TASK: Below, find the line containing "ERZI Spiellebensmittel Set: Flasche" and the line containing "invitatie albastru clasic"; reproduce exactly those two and every line between them, omitting pictures.

MATERIAL TO PROCESS:
※

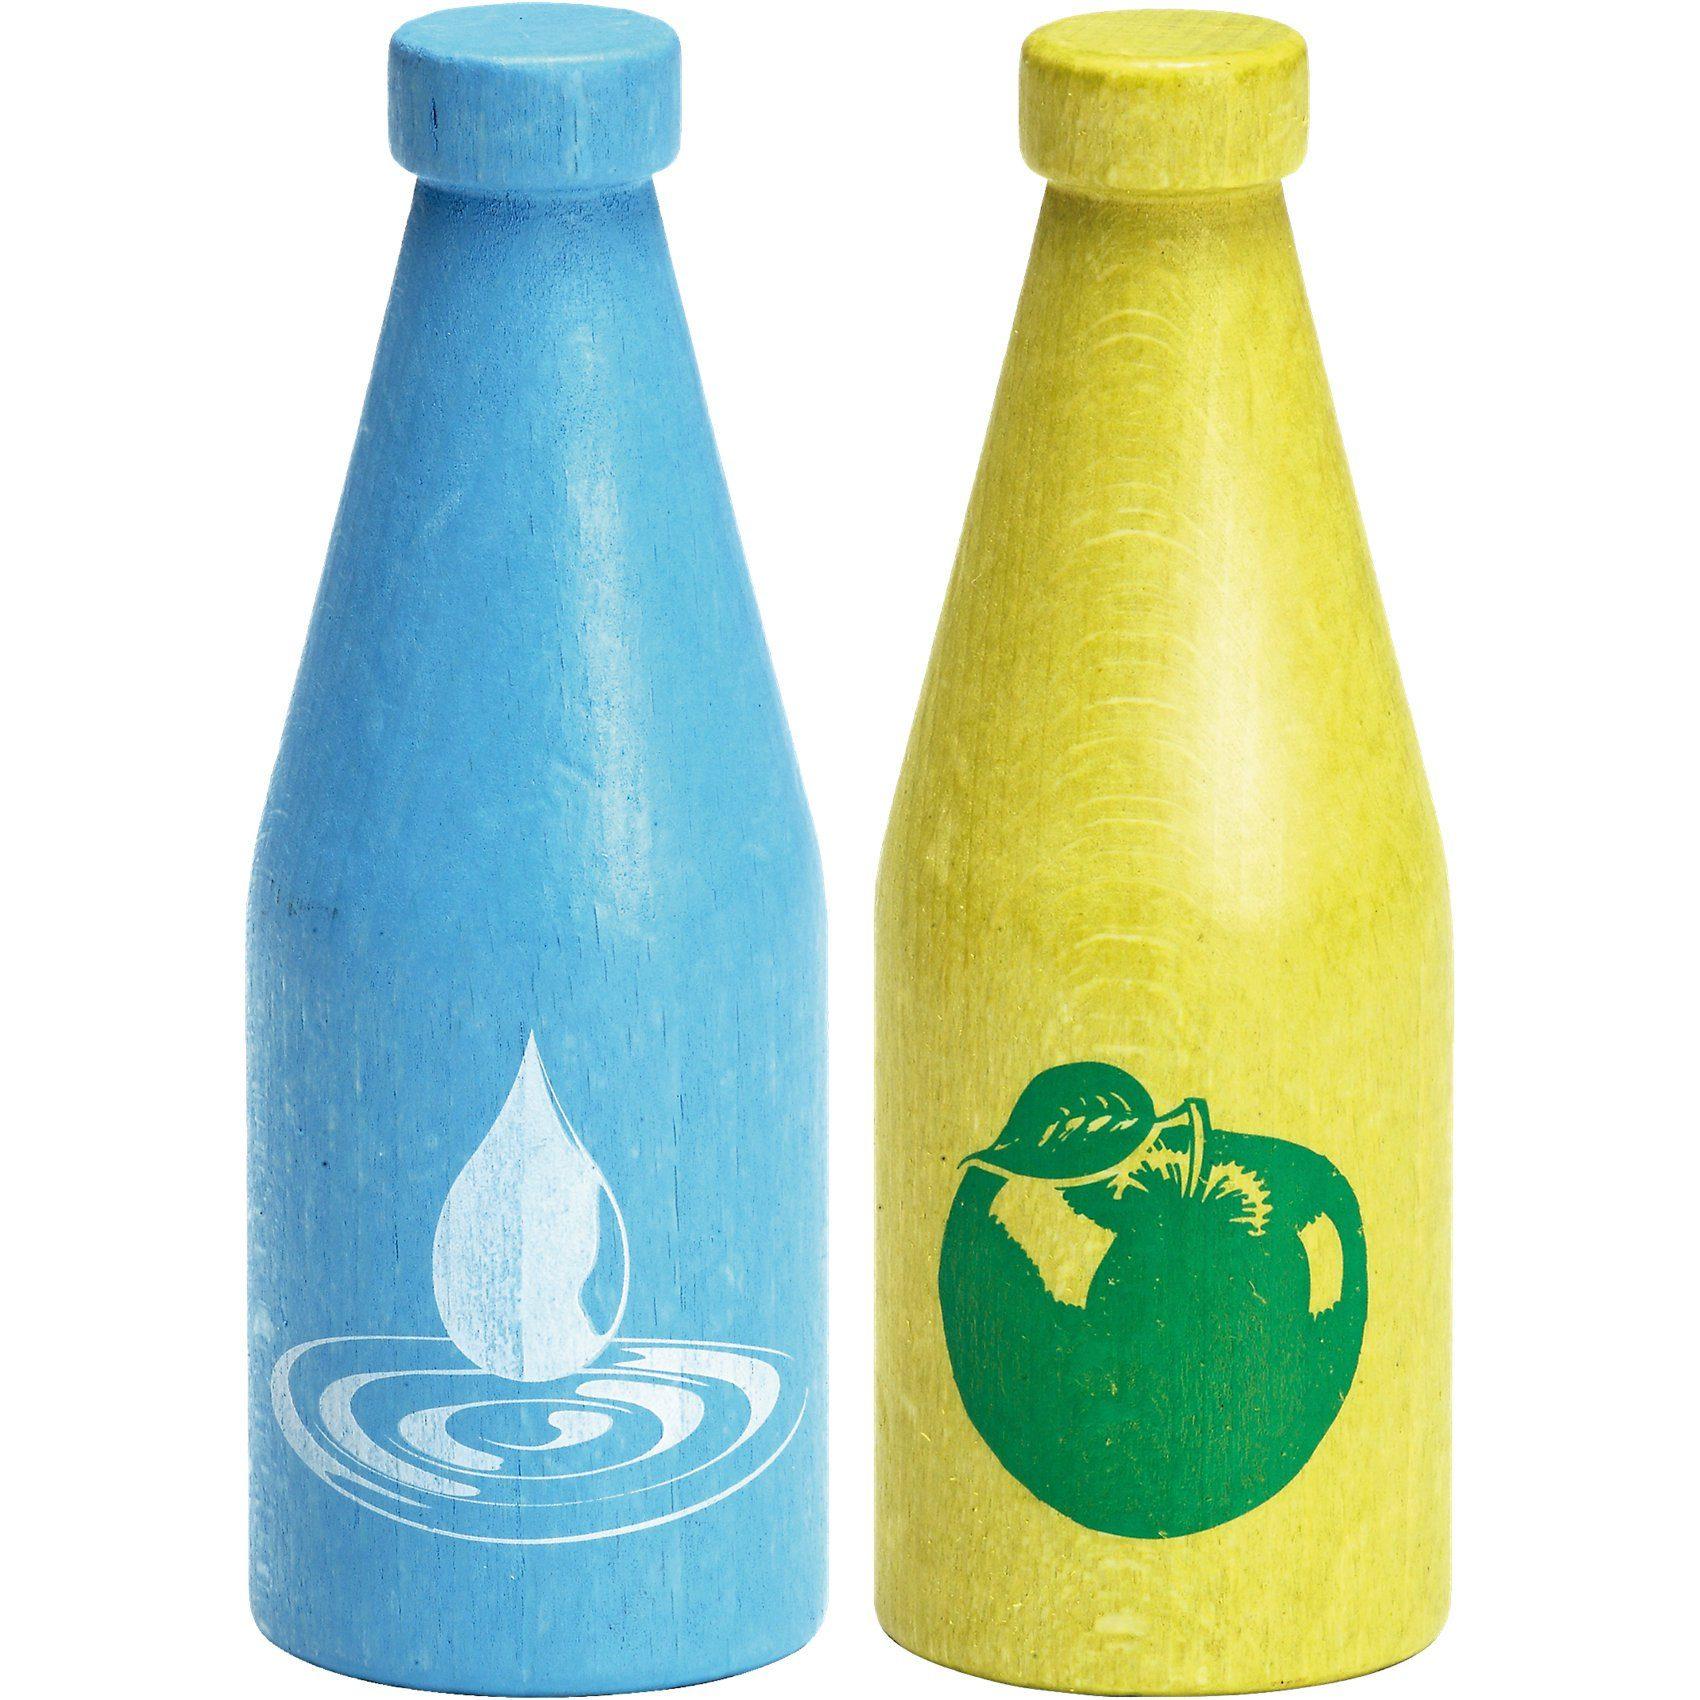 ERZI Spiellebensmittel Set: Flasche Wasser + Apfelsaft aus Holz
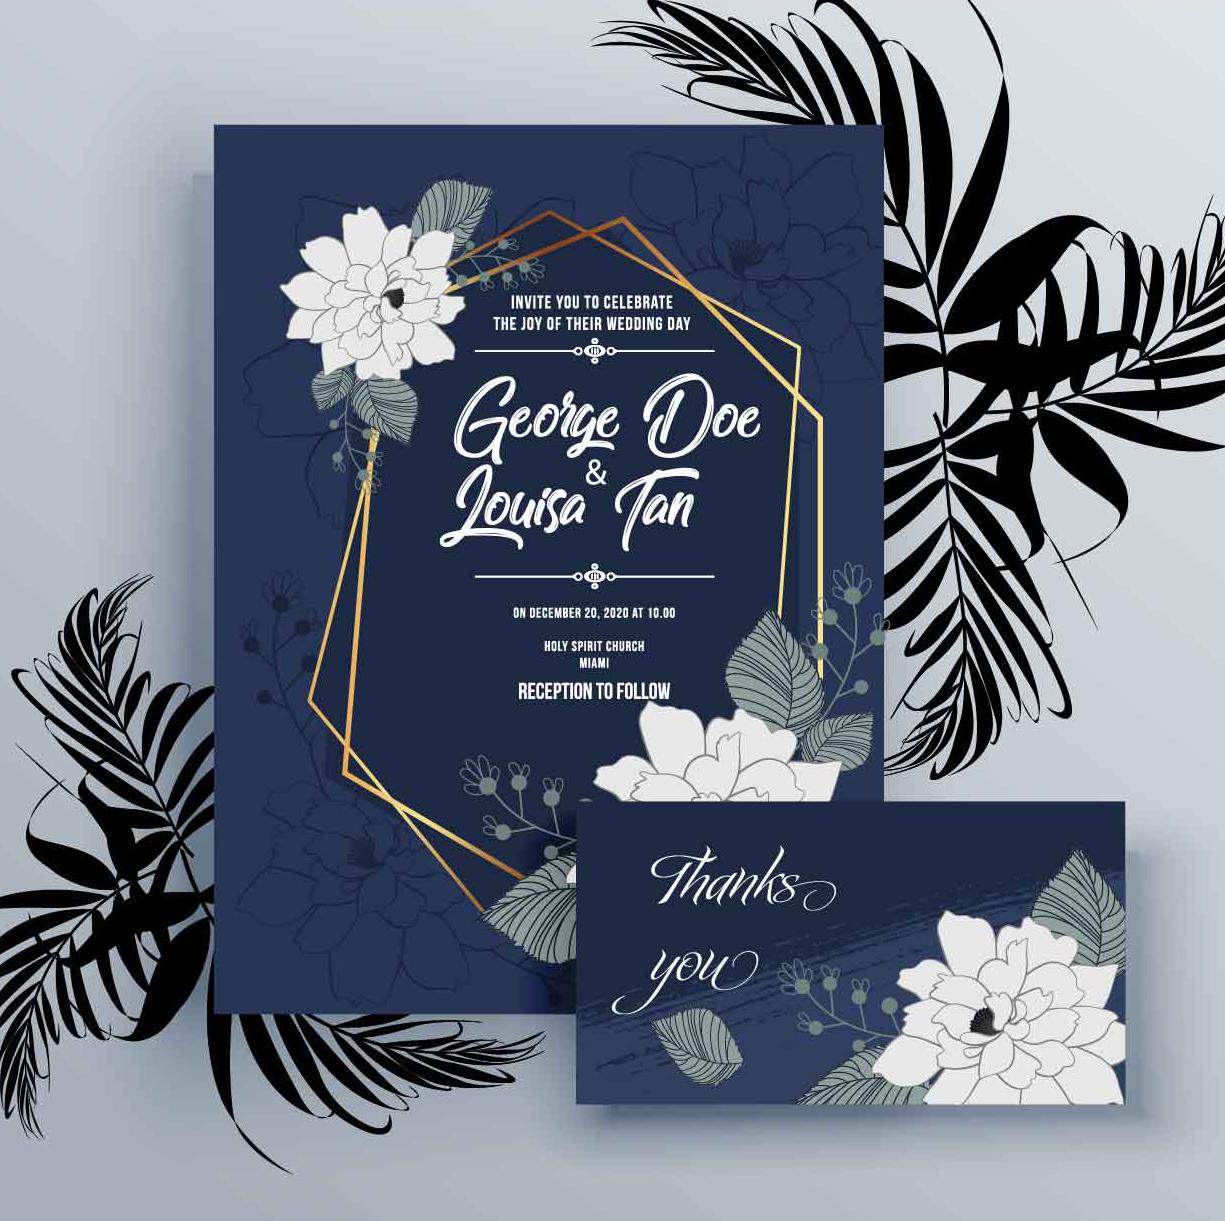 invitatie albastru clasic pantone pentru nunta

※

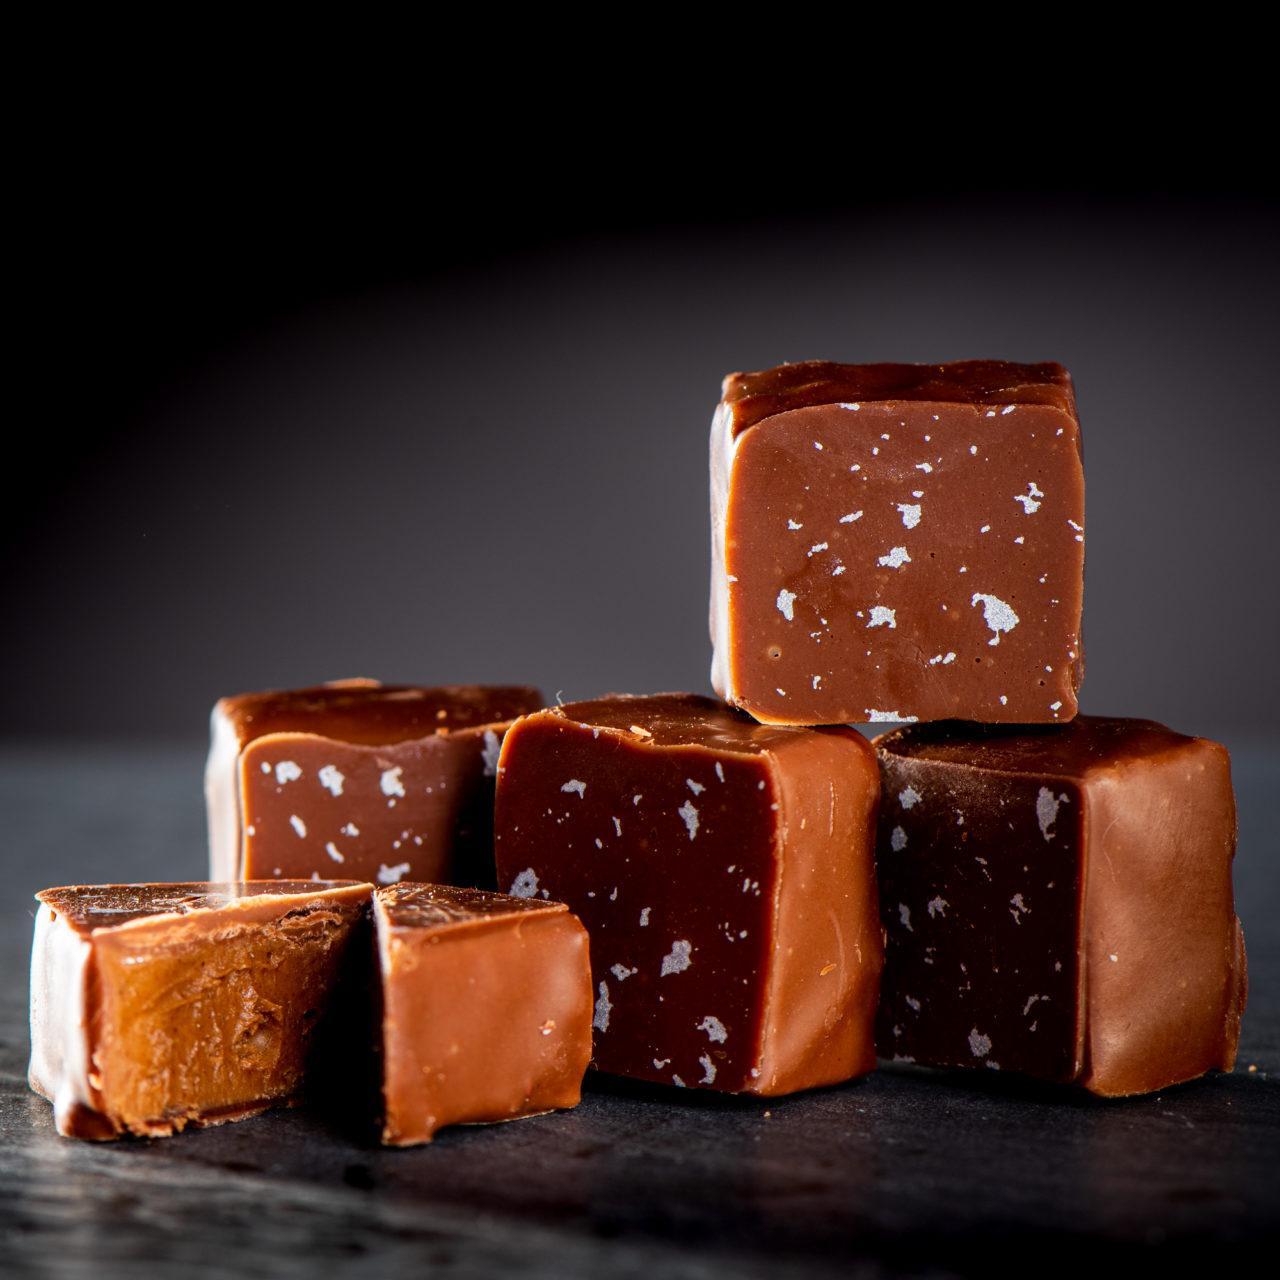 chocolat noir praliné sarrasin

※

REPLY TO THE TASK:
 ERZI Spiellebensmittel Set: Flasche Wasser + Apfelsaft aus Holz
 invitatie albastru clasic pantone pentru nunta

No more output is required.